Ladies and Gentlemen, allow me to return to the countries of our region. When I meet policy-makers, business people or journalists these days two questions are always asked: When will the worst be over? And, what needs to be done?
On the first question we are now predicting a slow “bottoming-out” of the recession this year, followed by the beginnings of recovery in 2010. It would be unrealistic, however, to expect a return to double-digit growth, record levels of investment and readily available finance. Looking ahead, our task is to help make growth sustainable and lasting. And for this, we have to draw the right lessons from the crisis. A fundamental question is the future role of the state in the economy: While the current degree of intervention is clearly not a permanent solution, neither are unregulated markets the answer.
A key task therefore will be to improve the quality of institutions and regulations.
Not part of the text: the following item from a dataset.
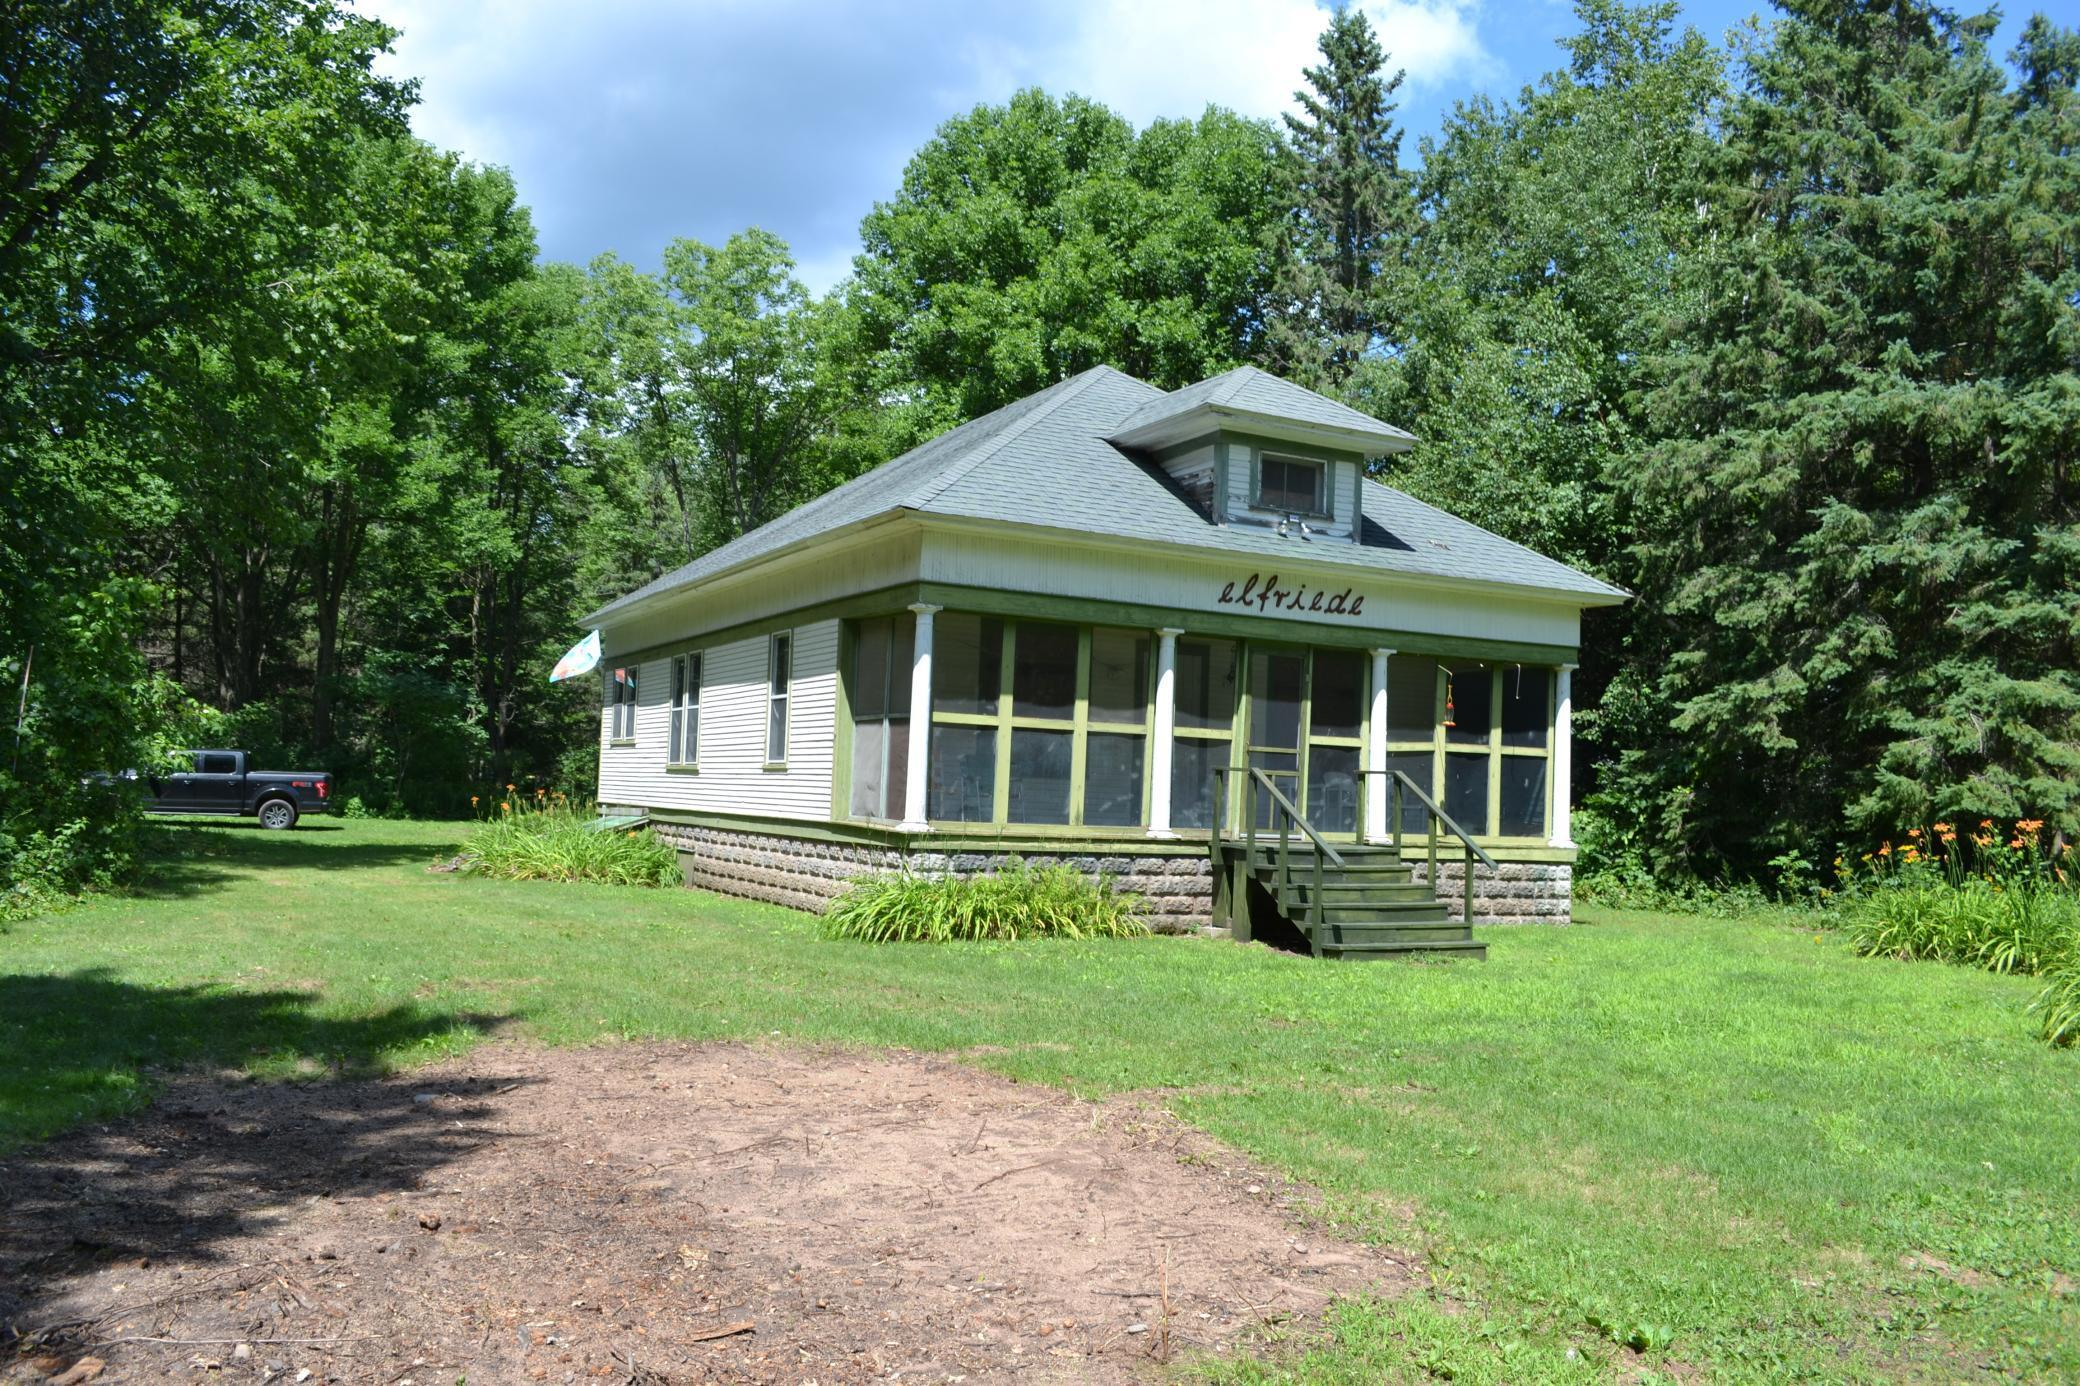 7124 N Thoroughfare Road Property Photo - Bass Lake Twp, WI real estate listing
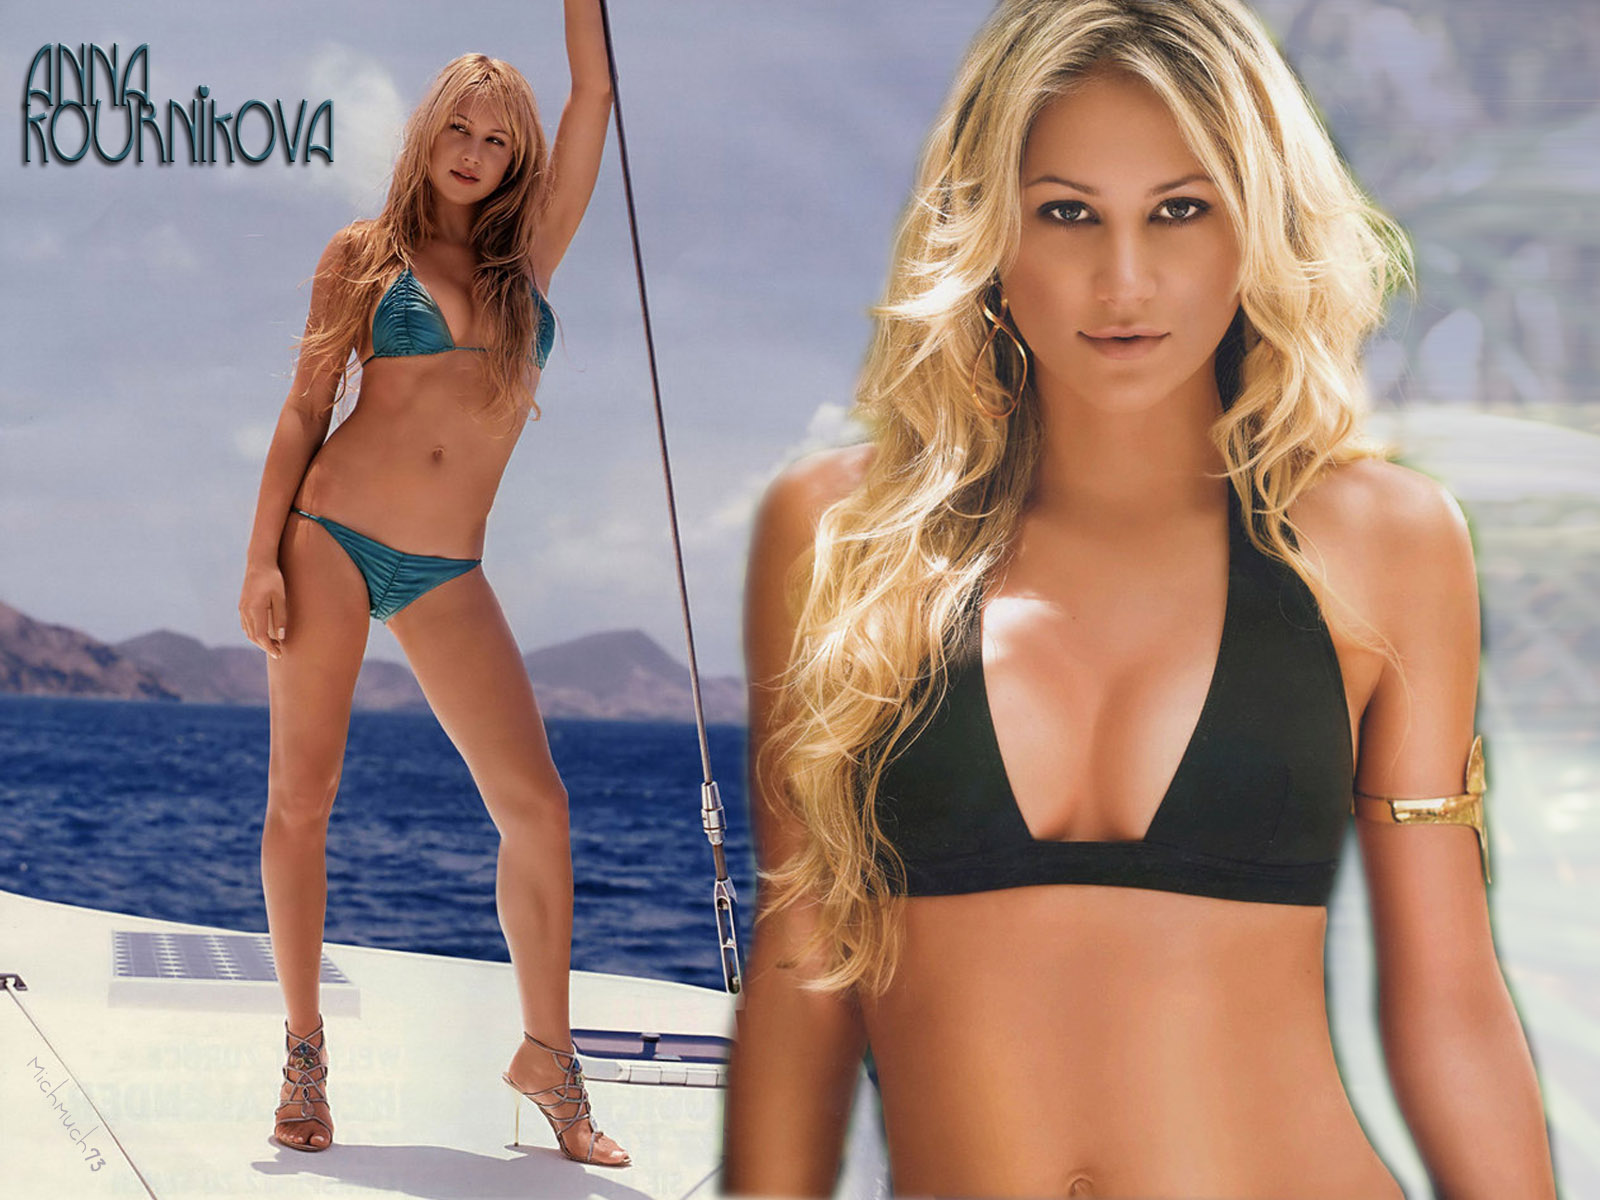 http://1.bp.blogspot.com/-WgGGWgv7vTI/UIUMuCS9EfI/AAAAAAAAAwg/RTUujbFwdMQ/s1600/Anna_Kournikova+Sexy+Tennis+Player+(6).jpg

Other tasks ahead of us are, for instance, the strengthening of the capacity for domestic financing in order to reduce dependence on external capital. Innovation and diversification will empower the region to make best use of its human resources and limit reliance on commodities. And greater energy efficiency and the promotion of sustainable forms of energy must be a central priority for the region to improve and strengthen transition, competitiveness and security.
In order to face these challenges we must position the EBRD so that it can play a dynamic and constructive role in crisis and recovery. We seek your guidance, Governors, on the following mid-term priorities for the Bank:
In the financial sector, we will focus on strengthening balance sheets and bolstering intermediation capacity with special emphasis on the further development of domestic capital markets and local currency lending.
In the enterprise sector, our aim will be the provision of risk capital and financial access for the diversification of the real economy, particularly small and medium-sized enterprises.
In the field of energy efficiency, we will expand our efforts to improve competitiveness, strengthen energy security and mitigate climate change.
In the energy, municipal and transport sectors, we will focus on the continued development of financing solutions combining sovereign, sub-sovereign and private sources to support the realisation of key investment projects.
The EBRD’s capital base is strong and it is needed to support the rising levels of risk we face. A sustained, increased level of activity will raise the question of the Bank’s capital adequacy. This is an issue that the management and Board of the Bank will start to address shortly in the context of the discussions about our medium-term strategy for the period from 2011 to 2015. We will revert to you for your decision at our 2010 Annual Meeting in Zagreb.
Ladies and Gentlemen, twenty years ago this day, in the Soviet Union another round of the first multi-candidate elections to the Supreme Soviet took place with independent, populist and democratic candidates routing contenders from the communist party.
In Prague, the playwright Václav Havel was preparing himself for another hearing before the magistrates after an eight-month sentence for spreading “civil unrest”. The Washington Post ran a detailed story under the headline “Eastern Germany Losing Its Shine”, with growth – according to official figures – expected at below 1 per cent that year. Less than six months later the Berlin Wall fell.
The EBRD region has come a long way. Twenty years of transition give us the confidence that our countries will continue to develop successfully. As President of the EBRD, the institution which was set up to support this process, I salute our countries of operations for what has been achieved. Let me assure you that now, more than ever, the EBRD remains your reliable and committed long-term partner. Thank you for your attention.